_EXERCISE REQUIREMENTS:_ An exact copy of all the data is needed, with every picture left out.

_INPUT DATA:_
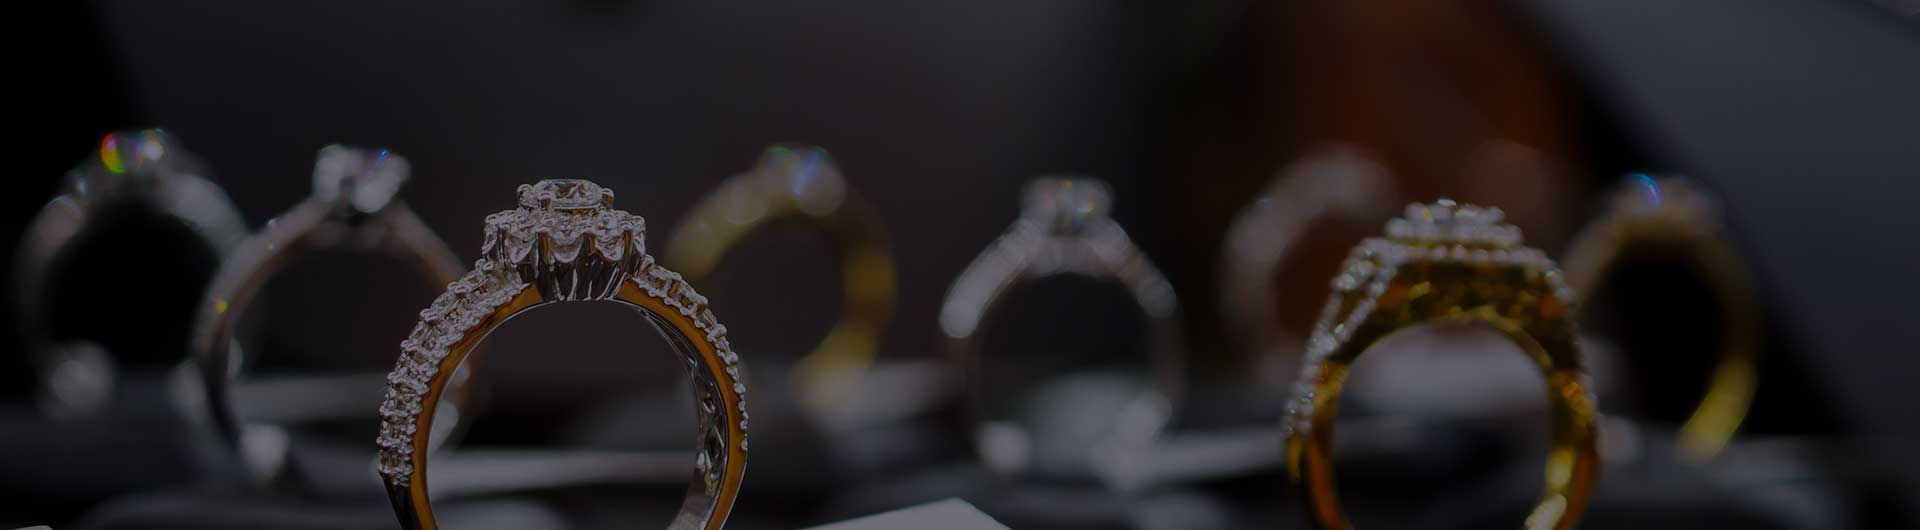 Diamond rings on display in a luxury retail store window.
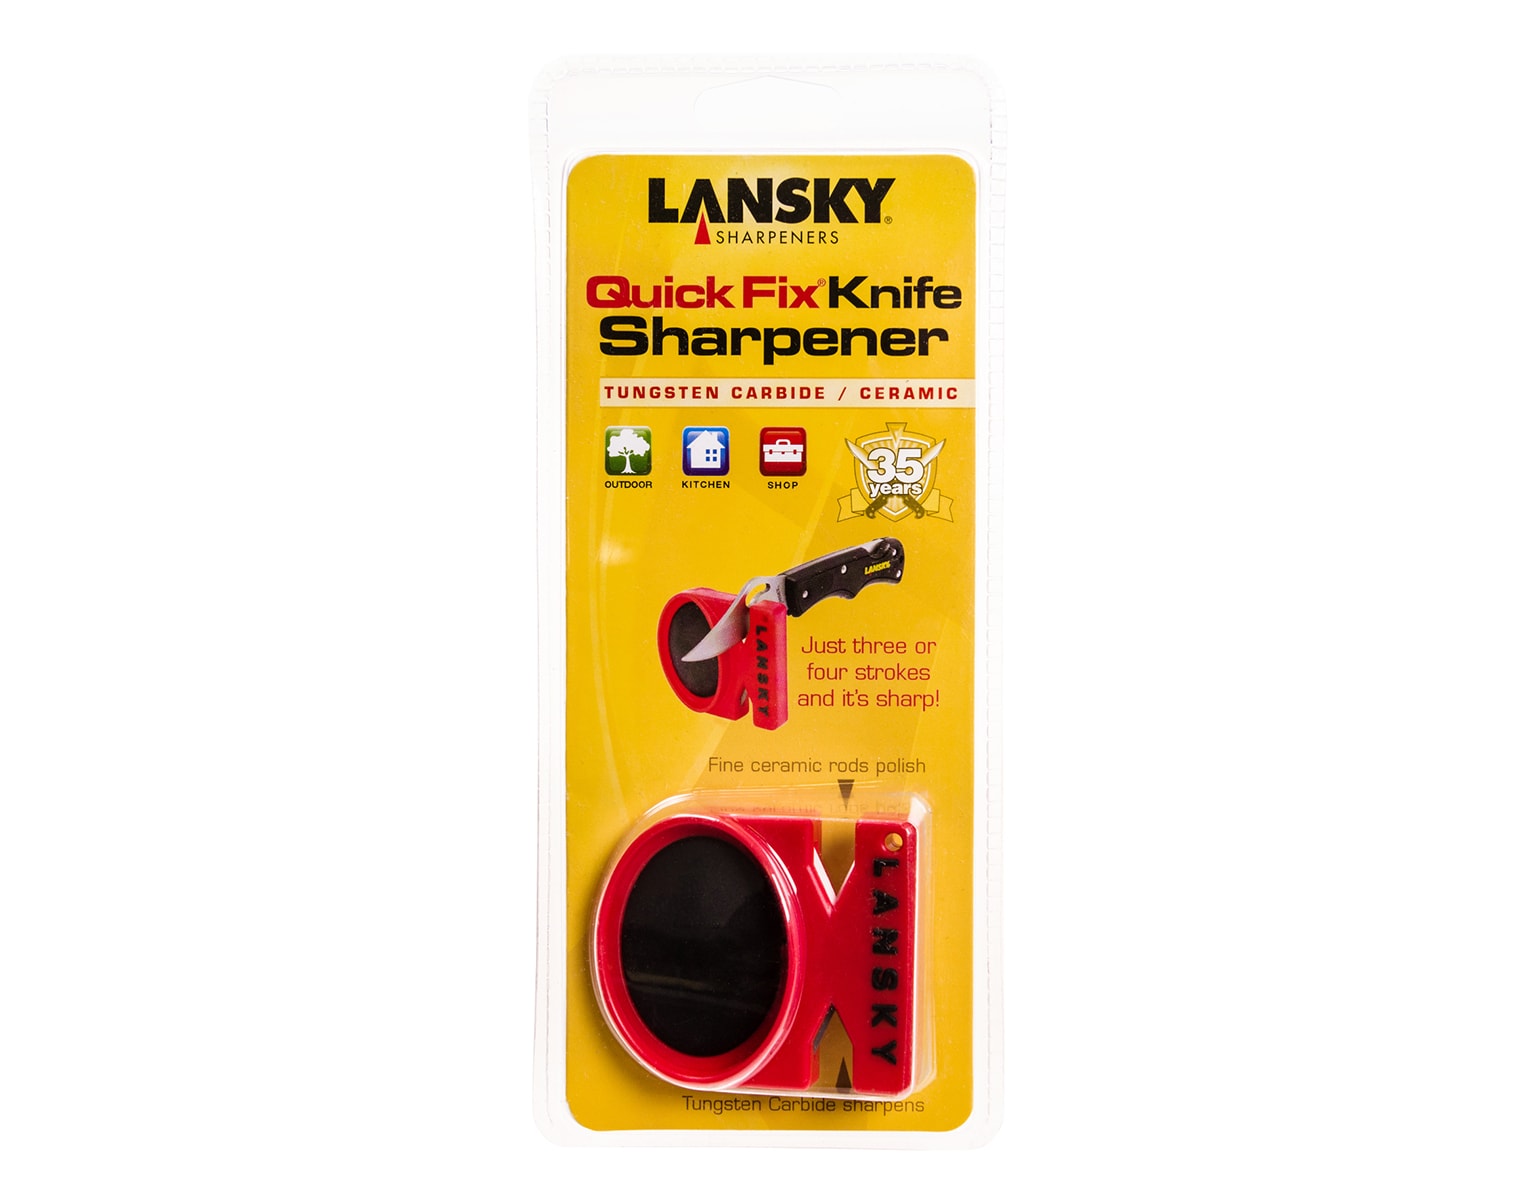 Ostrzałka kieszonkowa Lansky Quick Fix
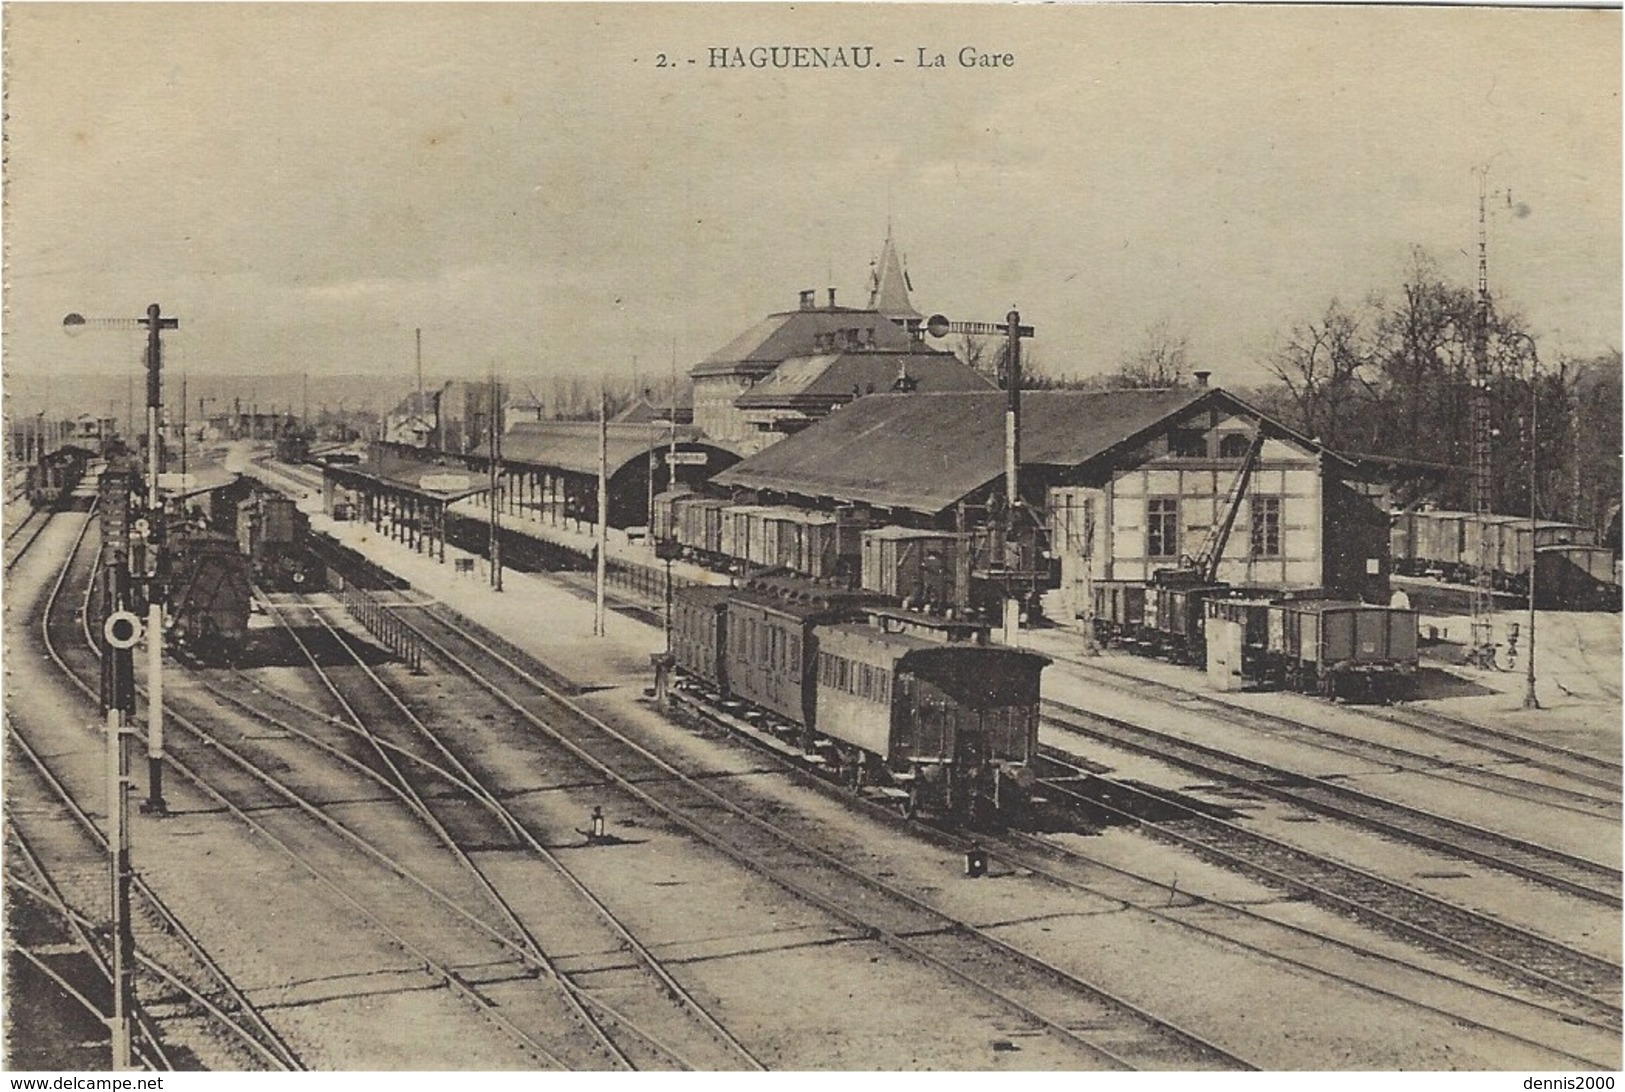 HAGUENAU (67) - La GAre - TRAIN - ED. Ch. Bergeret, Strasbourg - Haguenau

_SOLUTION BELOW:_
 Diamond rings on display in a luxury retail store window.
 Ostrzałka kieszonkowa Lansky Quick Fix
 HAGUENAU (67) - La GAre - TRAIN - ED. Ch. Bergeret, Strasbourg - Haguenau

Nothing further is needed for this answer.